Friday, April 16, 2010

What is your Bayesian prior on non-human animal emotion?

Although humans have a strong ability to communicate with other humans, we lack the ability to communicate as well with non-human animals. As a result, we know far more about the internal emotional states of other humans than we know about the internal emotional states of non-human animals. Where do we begin to make inferences about the internal states of non-human animals? What is the appropriate Bayesian prior for making inferences about the unknown internal states of non-human animals?
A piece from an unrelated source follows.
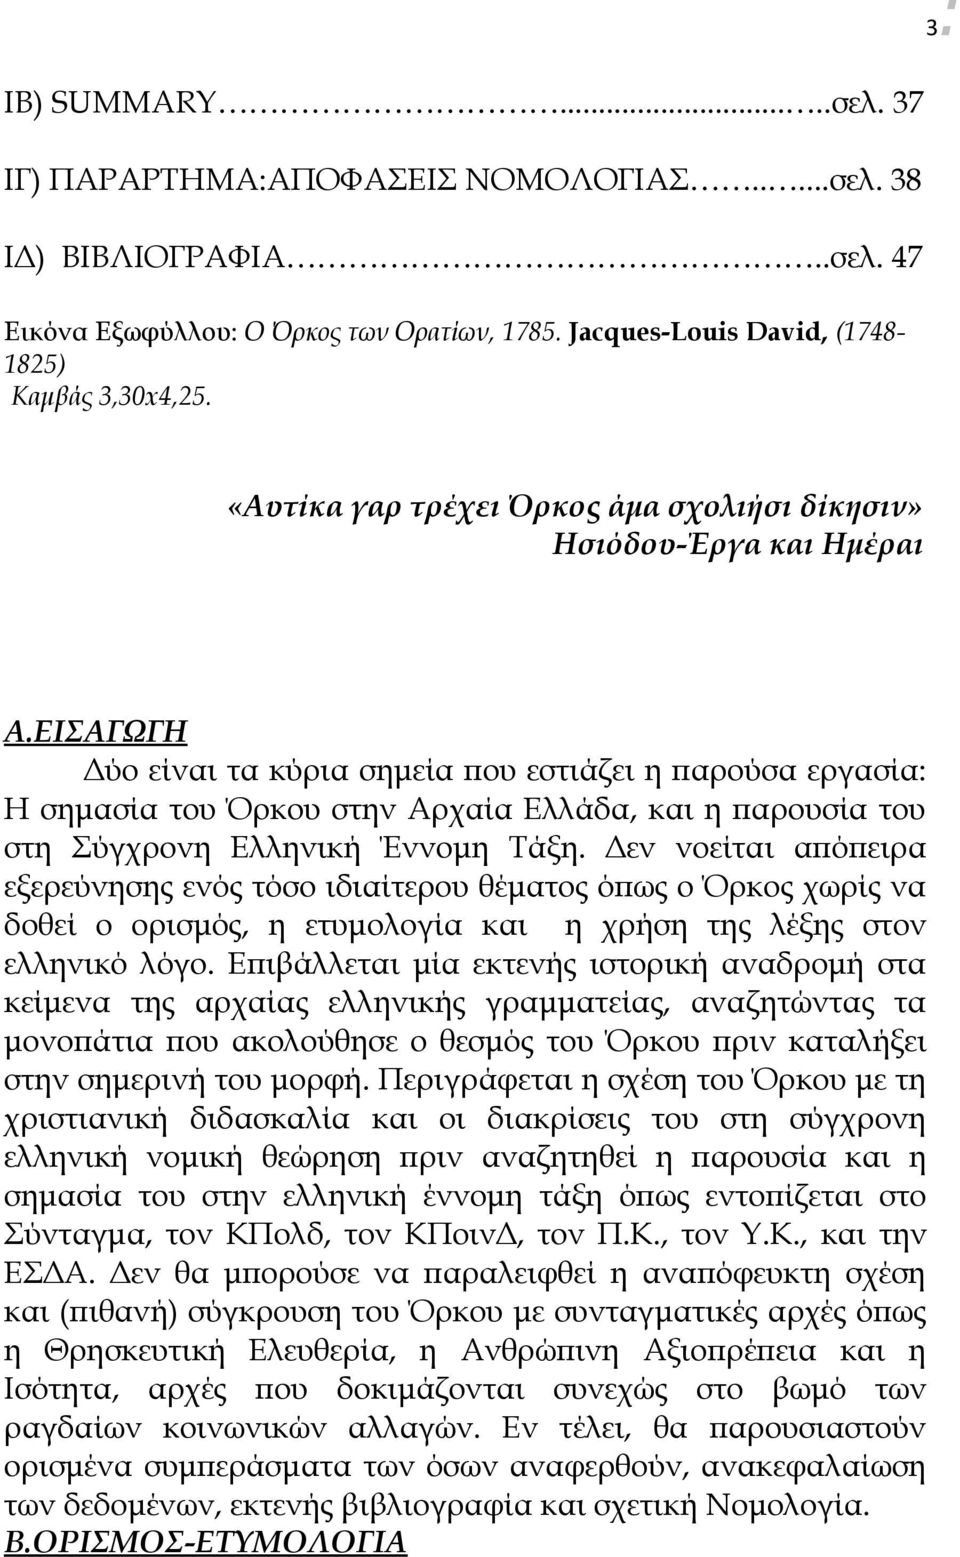 ΕΙΣΑΓΩΓΗ Δύο είναι τα κύρια σημεία που εστιάζει η παρούσα εργασία: Η σημασία του Όρκου στην Αρχαία Ελλάδα, και η παρουσία του στη Σύγχρονη Ελληνική Έννομη Τάξη.

A long time ago, Rene Descartes (1649) posited that non-human animals are akin to machines (have no soul or mind and couldn't feel pain). Since then, it has been considered "scientific" to assume non-human animals actually are machines unless there is overwhelming evidence to the contrary. I propose that this is highly unscientific, and that it is an example of argumentum ad ignorantiam, that the absence of evidence is the evidence of absence. That is, Descartes, and millions since then, have found it convenient to presume that an absence of evidence about non-human animal emotion constitutes evidence of absence of non-human animal emotion.

Another approach to understanding non-human animal emotions, universally taken by infants, is to assume that "all others are like me." Indeed, this is how humans learn about each other. In the absence of a lot of knowledge, we assume that other humans (especially those that look like us) think and feel as we do. This is our Bayesian prior for interactions with other humans. Like Descartes's proclamation that non-humans are machines, this could also constitute a prior for understanding non-human animal emotion.

Is emotion likely to be a synapomorphy shared with a wide range of taxa? In my simplistic way of thinking, I propose two lines of reasoning that suggest it is. First, emotion in humans appears to be regulated in a primitive part of the central nervous system, whose structure is shared with a wide variety of taxa. If it looks like beer, smells like beer, tastes like beer, it might be beer. Second, emotions are useful. Fear and pain are widely recognized for their fitness benefit, for their adaptive value. I suggest that other emotions are likely to have similar fitness benefit. If a behavior generates joy or euphoria or happiness, organisms would be inclined to continue that behavior. Emotions could help provide mechanistic links between biochemistry and behavior.

Bayesian inference is useful in that it requires we think hard and think carefully about our prior beliefs. In that sense, it helps us become more scientific and maybe even more moral.